The Kansas men are accused of buying licenses for Game Management Unit (GMU) 68, an unlimited license area, but later hunting in GMU 76, a premier unit to the southwest. The boundary between the units is defined by the Palmer Mesa Divide. According to an arrest report, there has been a history of hunting violations in the region. Even so, the poachers apparently were relying on the site's remoteness to shield their activities, investigators said.

DOW officers arrested the men following a six-day surveillance operation in Wason Park, a remote region in the La Garita Wilderness Area. Investigators said the poachers went through a lot of trouble to avoid detection by "cold camping" in thick timber without a fire, covering their campsite with camouflage tarps, using a spotter to watch for other hunters and wildlife officers, and by communicating in code over two-way radios.

Bechaver said the men were adept at making sure they were never seen together during forays into the backcountry. He said it took investigators several years to crack the case because the poachers were careful to hide all evidence of their elk kills. The poachers boned out their meat and carefully hid the rest of the animal carcasses, later carrying out their archery gear, hunting equipment, illegal elk meat and antlers in backpacks.

To ensure they had enough evidence, Bechaver and other investigators, including fellow San Luis Valley wildlife officers Rod Ruybalid and Brent Woodward, camped undercover in freezing rain and carefully followed the poachers' activities through the fall of 2004.

The wildlife officers employed high-tech surveillance techniques and equipment to follow the poachers, including radio scanners, digital voice recorders and cameras, hidden video cameras equipped with infrared trips, and global positioning system (GPS) handhelds. Investigators also relied on DNA evidence to analyze kill sites, and tapped into the computerized Colorado Outdoor Recreation Information System (CORIS) to obtain information about the hunting party.

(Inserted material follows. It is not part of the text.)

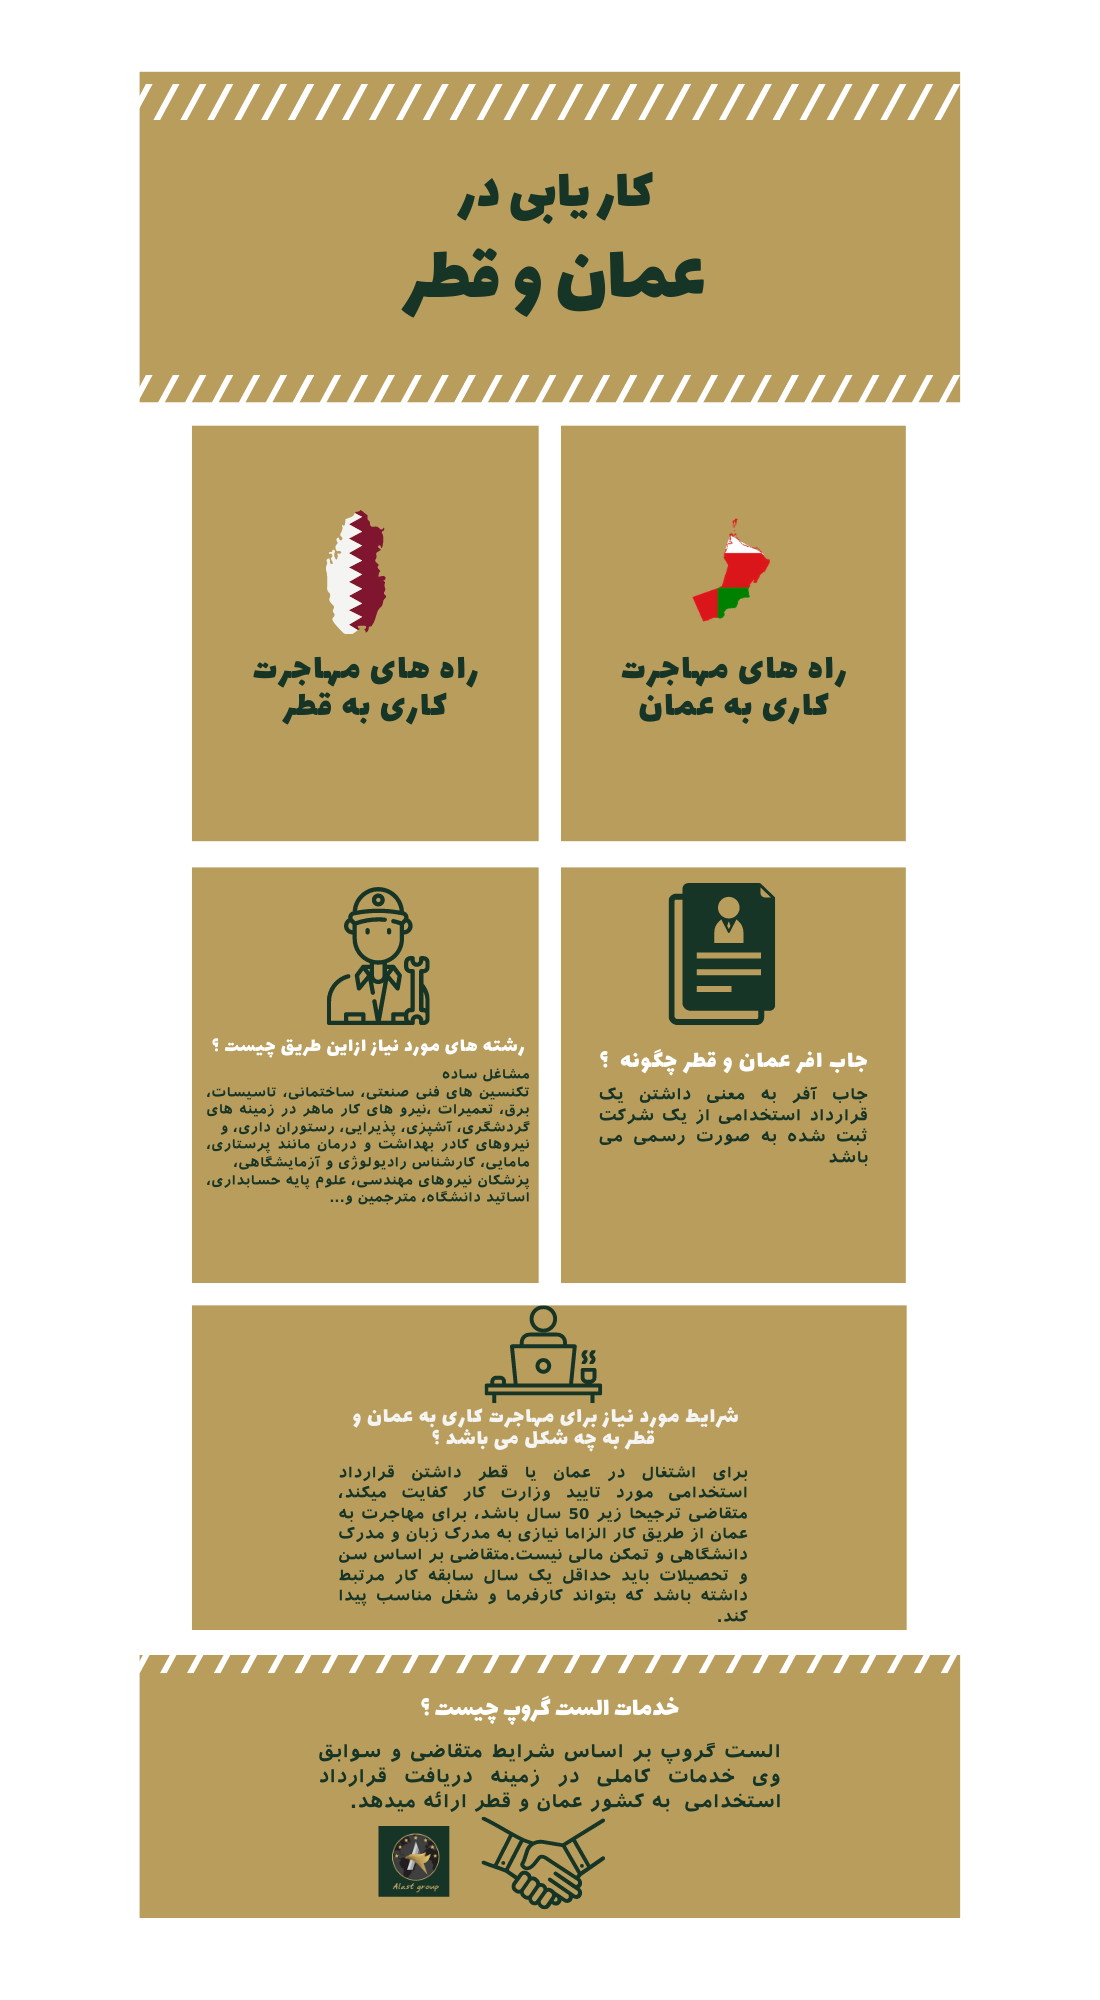 اینفوگرافیک کاریابی در عمان و قطر

"This case was solved through a combination of old-time game warden woodsmen skills combined with the use of modern technology," Bechaver said. "The high-tech stuff was good and it came in handy, but we couldn't just do it with that. We had to be on the ground in the backcountry following these guys around in the woods.

"And we do go out into the woods," he added. “We're not just driving around in our trucks drinking coffee and whistling cowboy songs."

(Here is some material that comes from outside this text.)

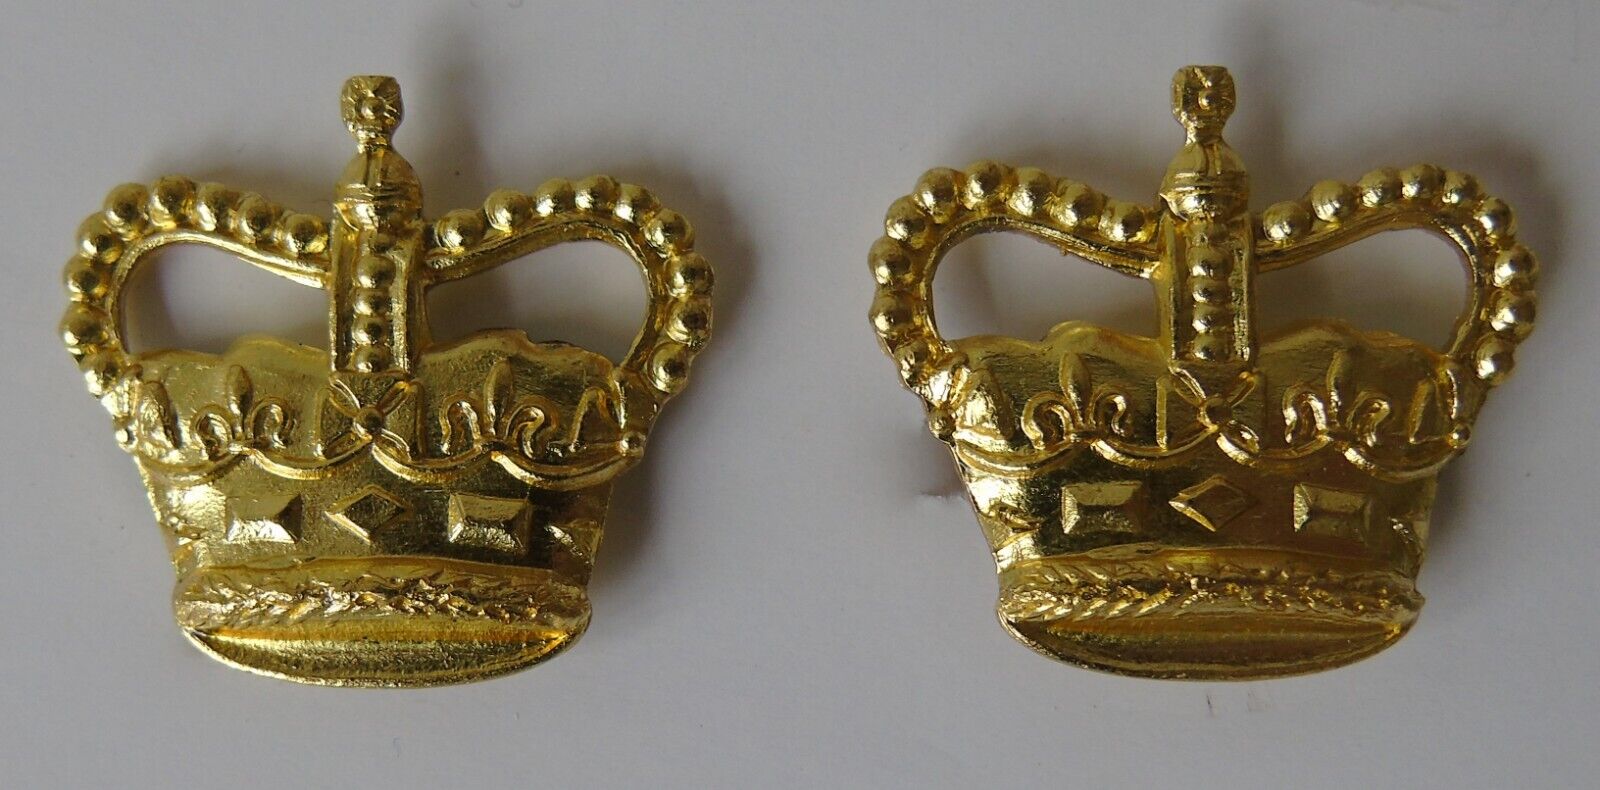 British Army Majors Rank Crowns

To track illegal hunting activities and prosecute suspected poachers, the DOW sponsors two well-known programs. Operation Game Thief, or OGT, offers tipsters cash rewards for information leading to the arrest and prosecution of illegal hunting activities around Colorado. The other, Turn in Poachers, or TIP, offers non-cash incentives, including premier big-game hunting licenses.
http://www.totalsportsman.com/forum/topic.asp?TOPIC_ID=3592
 
TenBears ,I think it does belong here.
It show us that being a freaking moron isn't limited to someone that ride's an ATV.

Both are good find's.
It's hard to understand some of the way's people can find to get away with illegal crap.
 
1-P, I would say that both are prevalent acts. The ATV issue is more in the public eye, but poaching in remote areas is done just because of the remoteness of the area. Think of it as an issue measured in per capita.